The song and dance from IT staffers about how public cloud is unsuitable for "real" enterprise workloads is getting old. We're in a period of rapid change, and CIOs must evaluate new technologies, even those their teams are uncomfortable with. Scratch that -- especially those their teams are uncomfortable with.

A prime example is business continuity and disaster recovery. For years we had two choices: Buy redundant gear and data center capacity and do it ourselves, or hire an expensive specialty DR provider. Cloud changes all that. In fact, it's completely reset the game. The savings and agility gains from public cloud disaster recovery are quite real, and we can't pass them up based on fear and resistance to change.
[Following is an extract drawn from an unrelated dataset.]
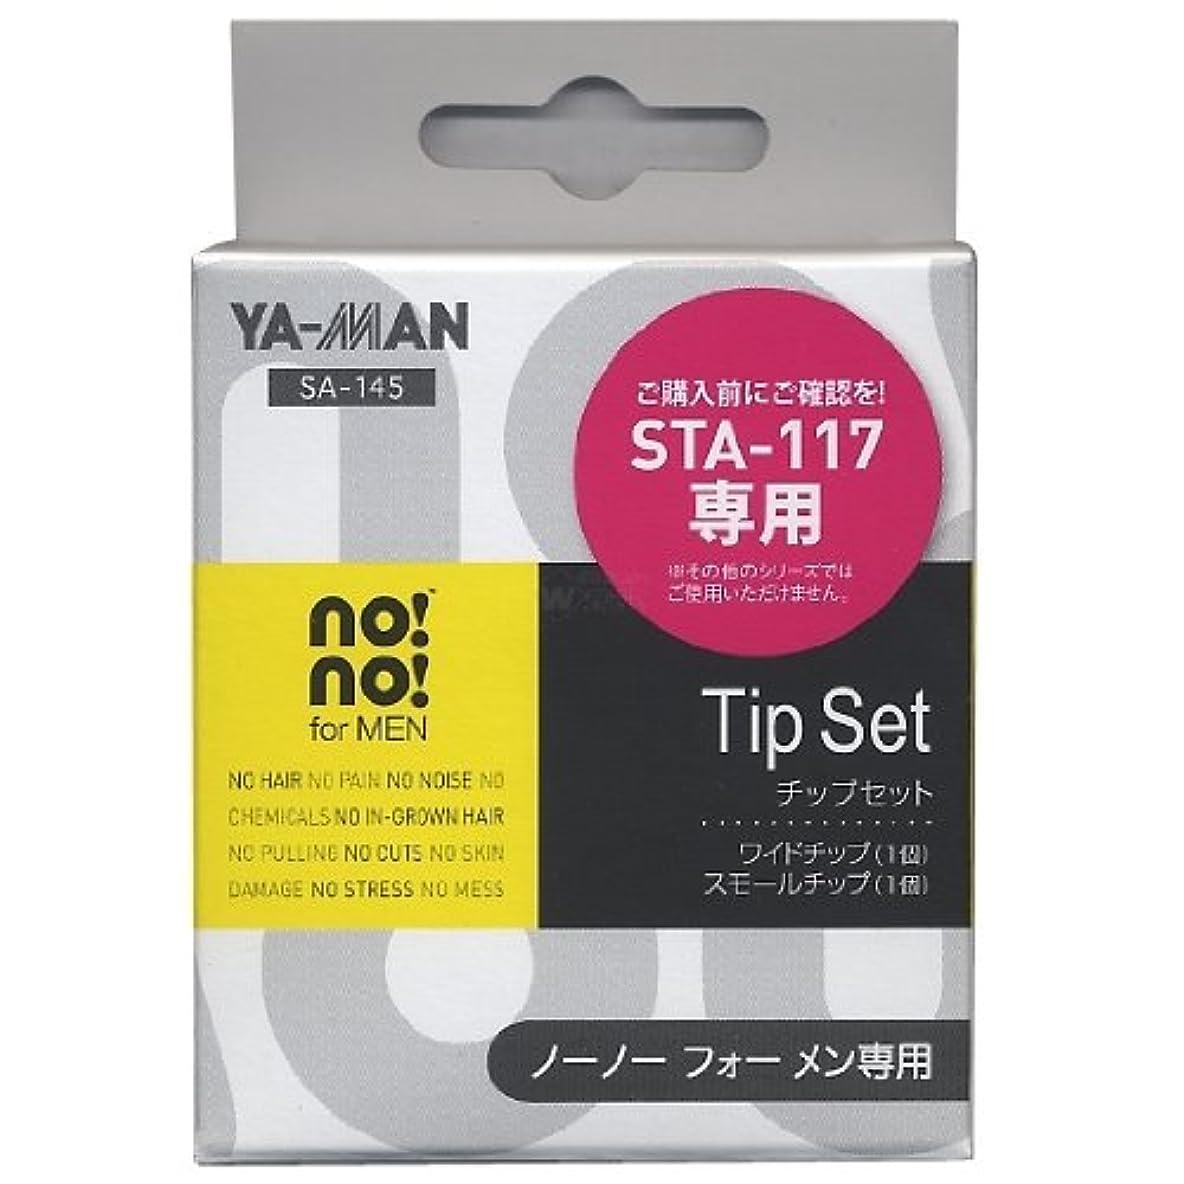 アレルギー性ジャズ拷問ヤーマン ノーノーフォーメン 専用 ブレードチップセット ワイド×1 スモール×1 SA-145
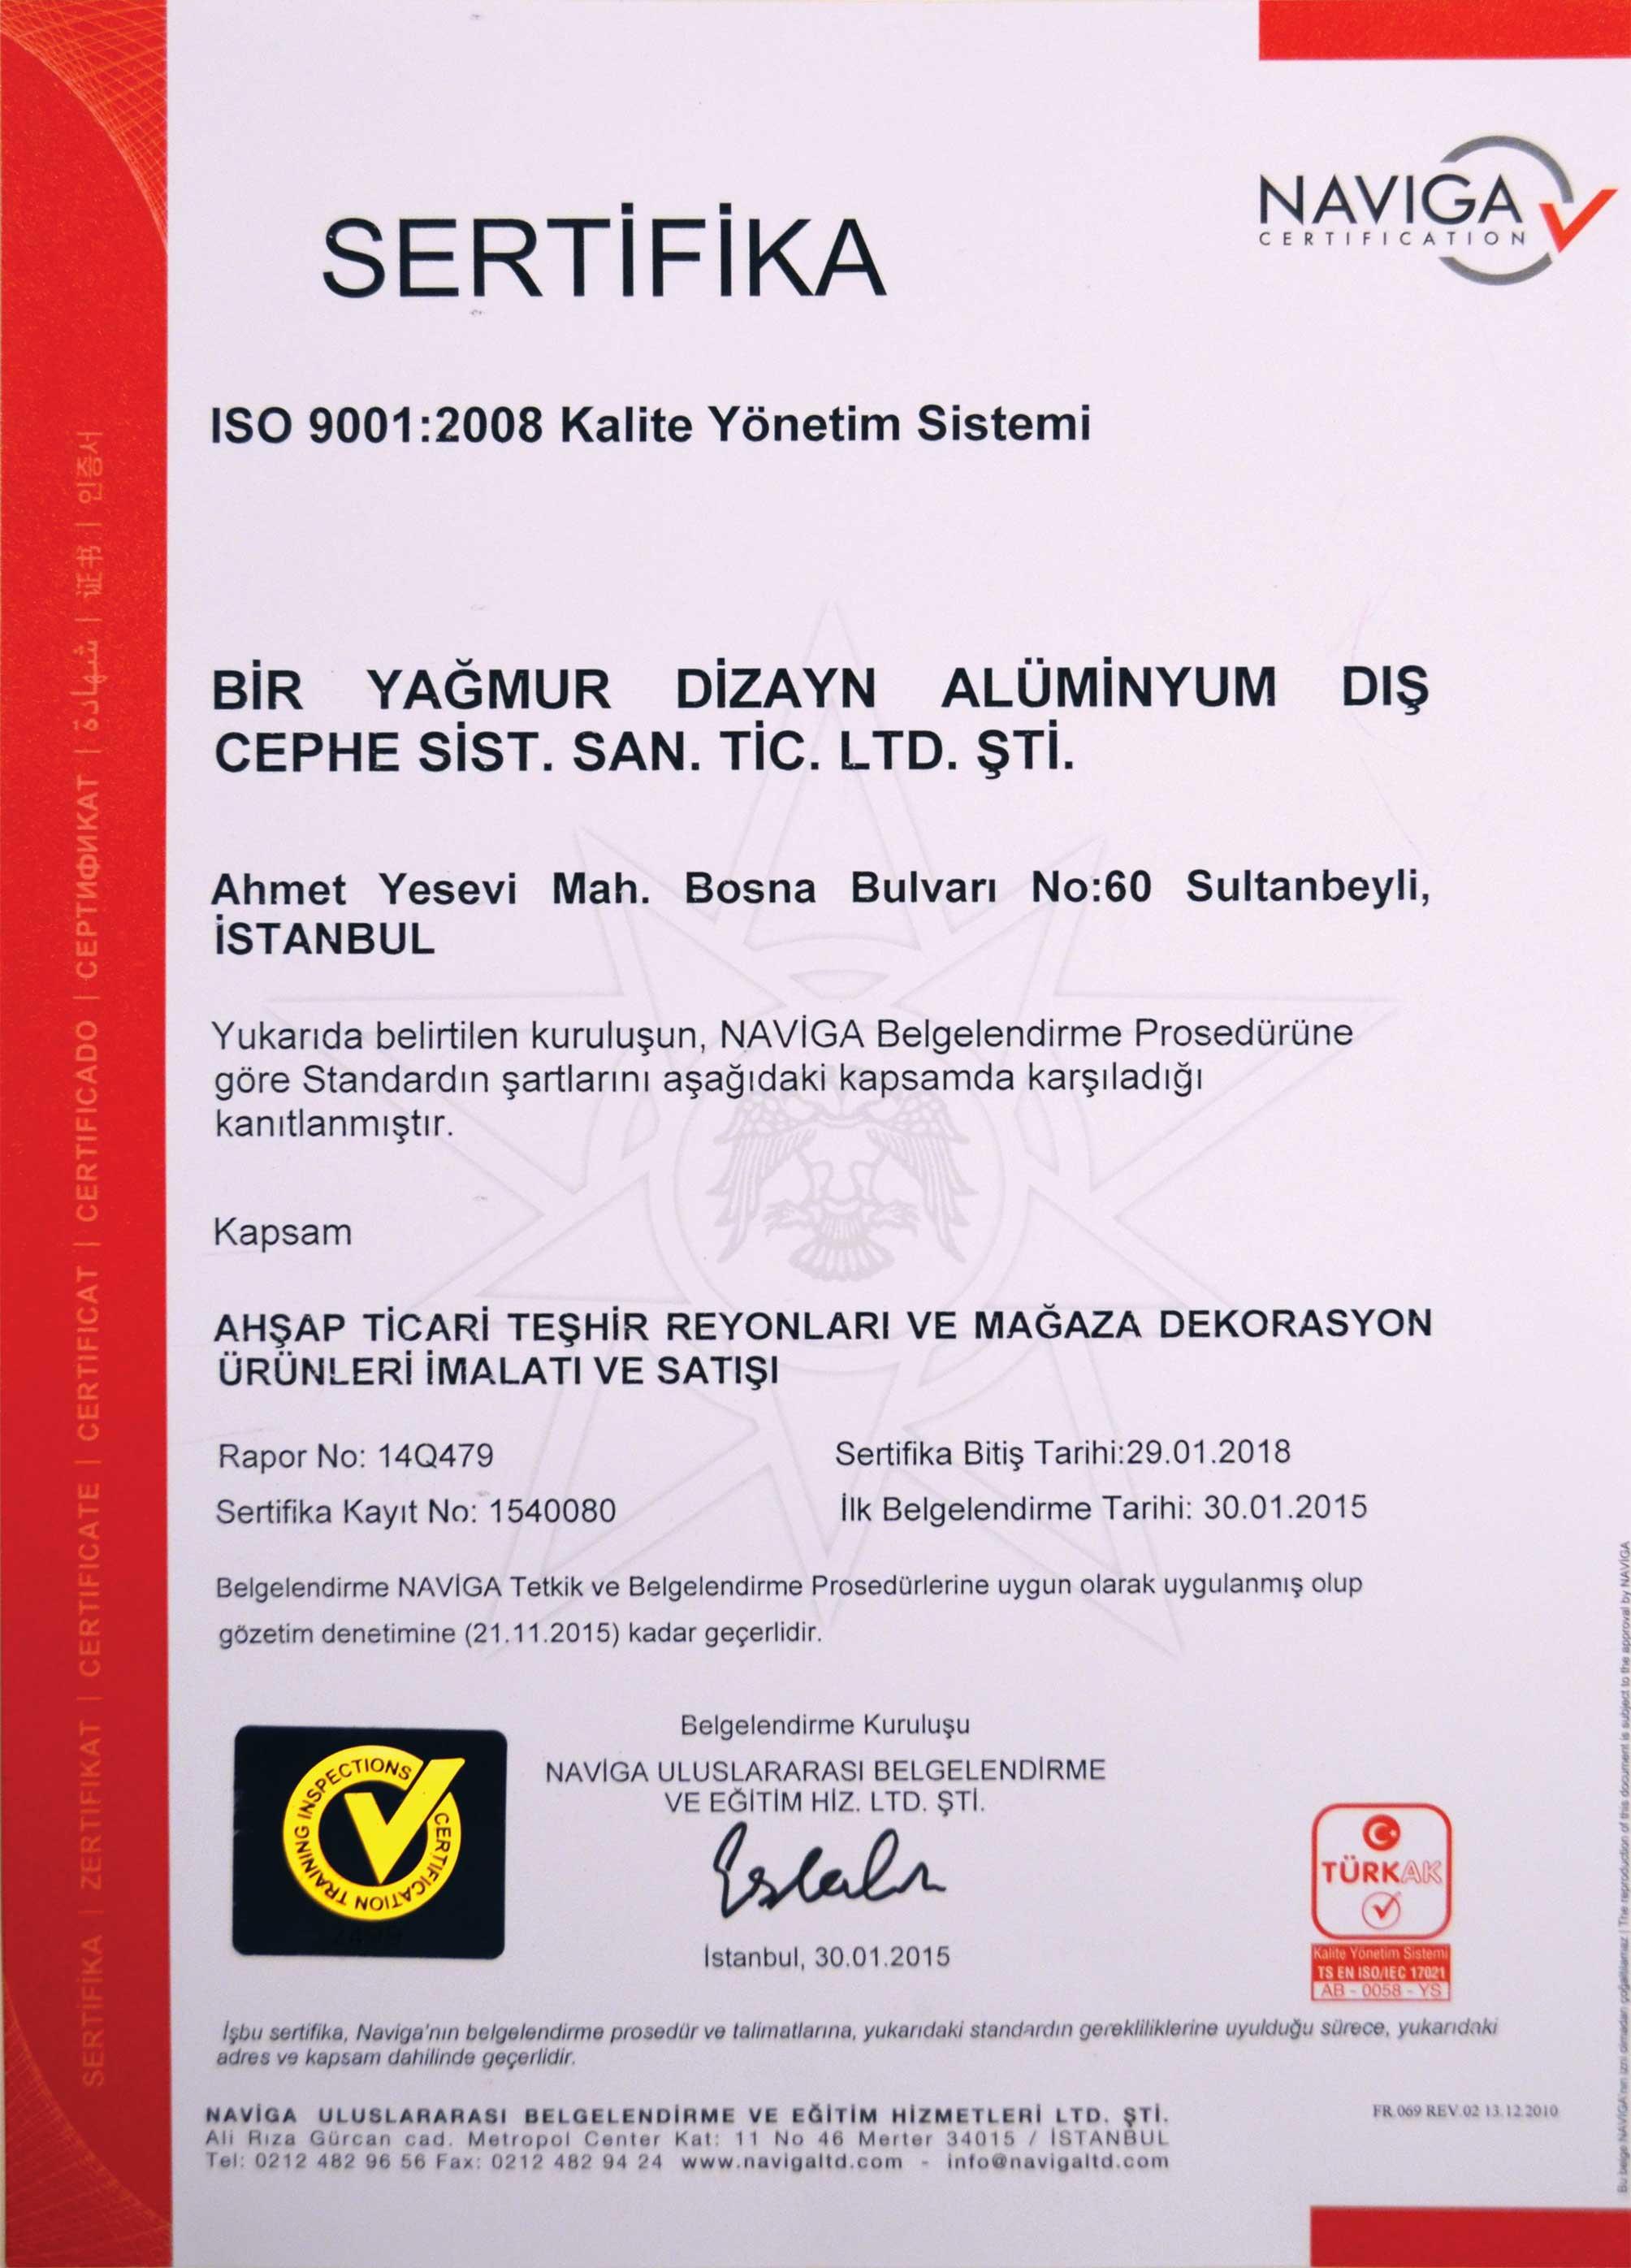 kalite-yönetim-sistemi

CIOs who don't push their teams to consider all options aren't doing their jobs.

We'll discuss business continuity, which seeks continuous operation of the business no matter what's happening in the outside world, and disaster recovery, which seeks to restore service after an acute event, in the unified context of business availability. It's a top priority by any measure, yet there's an incredible amount of dysfunction. Too often, infrastructure teams get put in sole charge of provisioning and testing disaster recovery. But unless the application team is involved, you don't know if your test worked. "The login screen came up, but we didn't bother to log in," sounds suspiciously like, "The operation was a success, but the patient may have died."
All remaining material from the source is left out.